De perros la vida parece creérselas. No por la intensidad por la que puede ir..., no, se las cree por lo que puede llegar a ir permitiéndonos.

¿Sabes lo que siente un perro cuando su amo le deja solo en la casa, por más de ocho horas? ¿Mirará el cielo, estará pendiente de la ventana, te ladrará por compañía o por alguna necesidad básica, se sumergirá en sueños donde te siente cerca? ¿Sentirá el vació de que nunca volverás, que te habrá pasado algo de eso que él desconoce pero que imparablemente aparta entre ladridos cuando lo siente? ¿Cómo hace para acortar el tiempo, llora, imagina, vive igual?

Es feo saberte querido por mera necesidad, bien sentencia una amiga. Seguramente el perro jamás sentiría eso, pero a veces sólo los tratamos así, a veces, y he aquí la tonta vida, nos trata así.

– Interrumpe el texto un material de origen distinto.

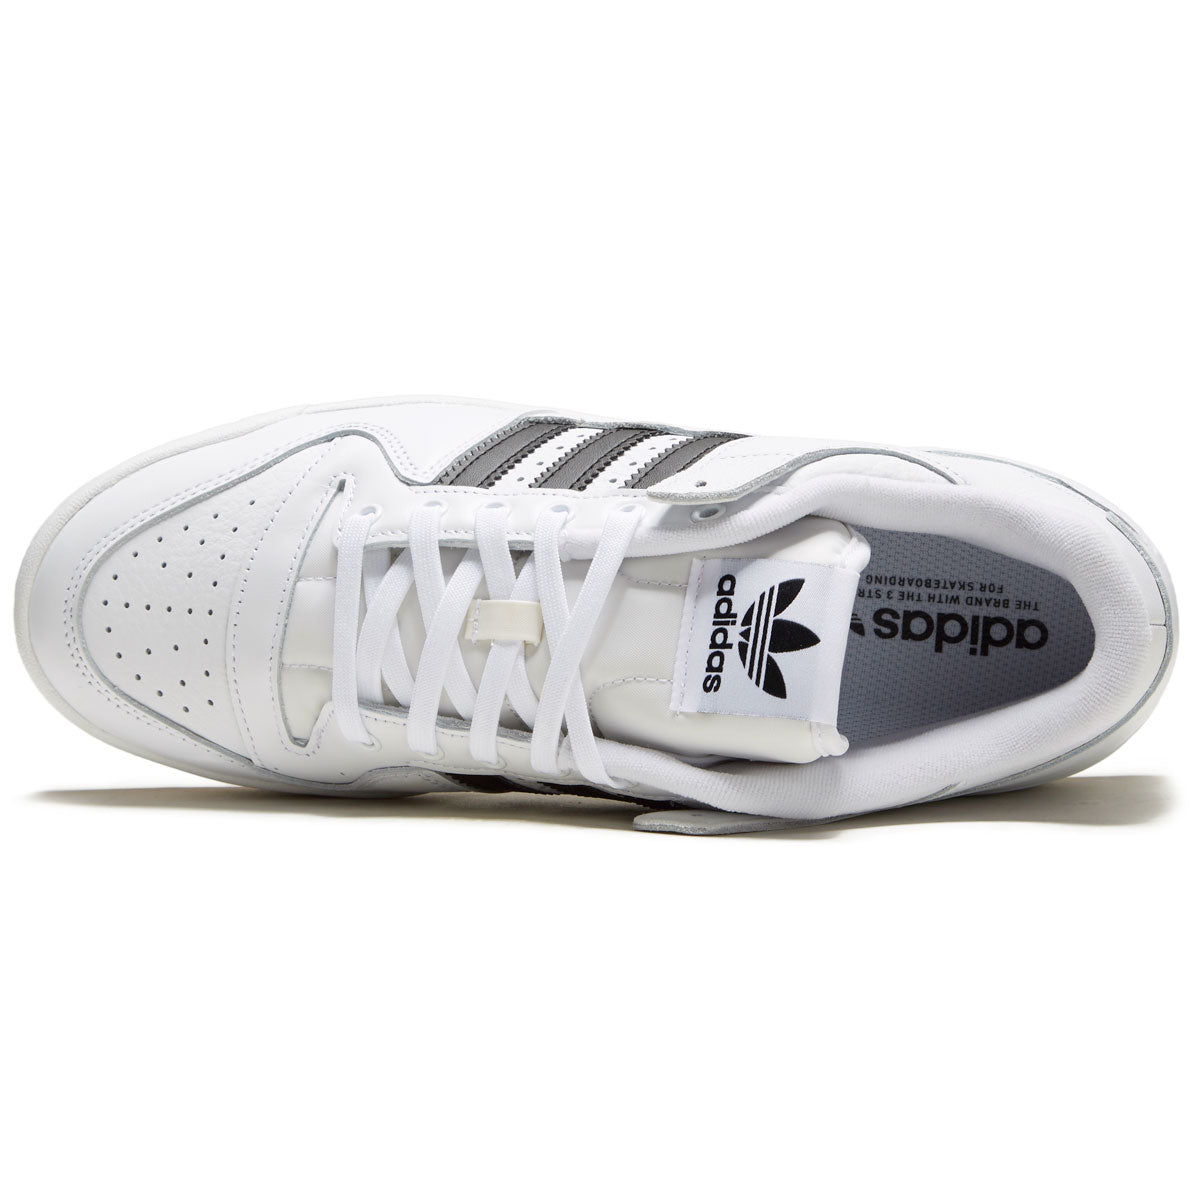 Adidas Forum 84 Low ADV Shoes - White/Core Black/White – CCS

Sentirse de perro es sentir que a quién puramente quieres va y viene entre cosas a veces menos importantes que uno. Que los días son como una espesa neblina de la mañana que espera el sol de algún amanecer que pueda dar claridad. Que los ladridos sin palabras, que los gestos sin palabras, ¡Que los silencios sin palabras! son la más pura emoción de decir cuanto se quiere.

Los ojos cansados, la mirada perdida, los jadeos sin expresión, la inutilidad de las fuerzas, los escasos e inconscientes constantes micromovimientos, toda esa sensación de abandono, de perros, la vida no las permite. La risa despabilante, sórdida y estúpida, se sonríe a lo que no se ve, se mira lo que no se sabe... se sumerge en vapores y gotas las confusiones y los desvaríos...

... qué no entierra la vida en la furtiva, inocente y caprichosa mirada de un perro, sino las ganas de pasar del tiempo y de las necesidades para tener efímeros minutos de alegría.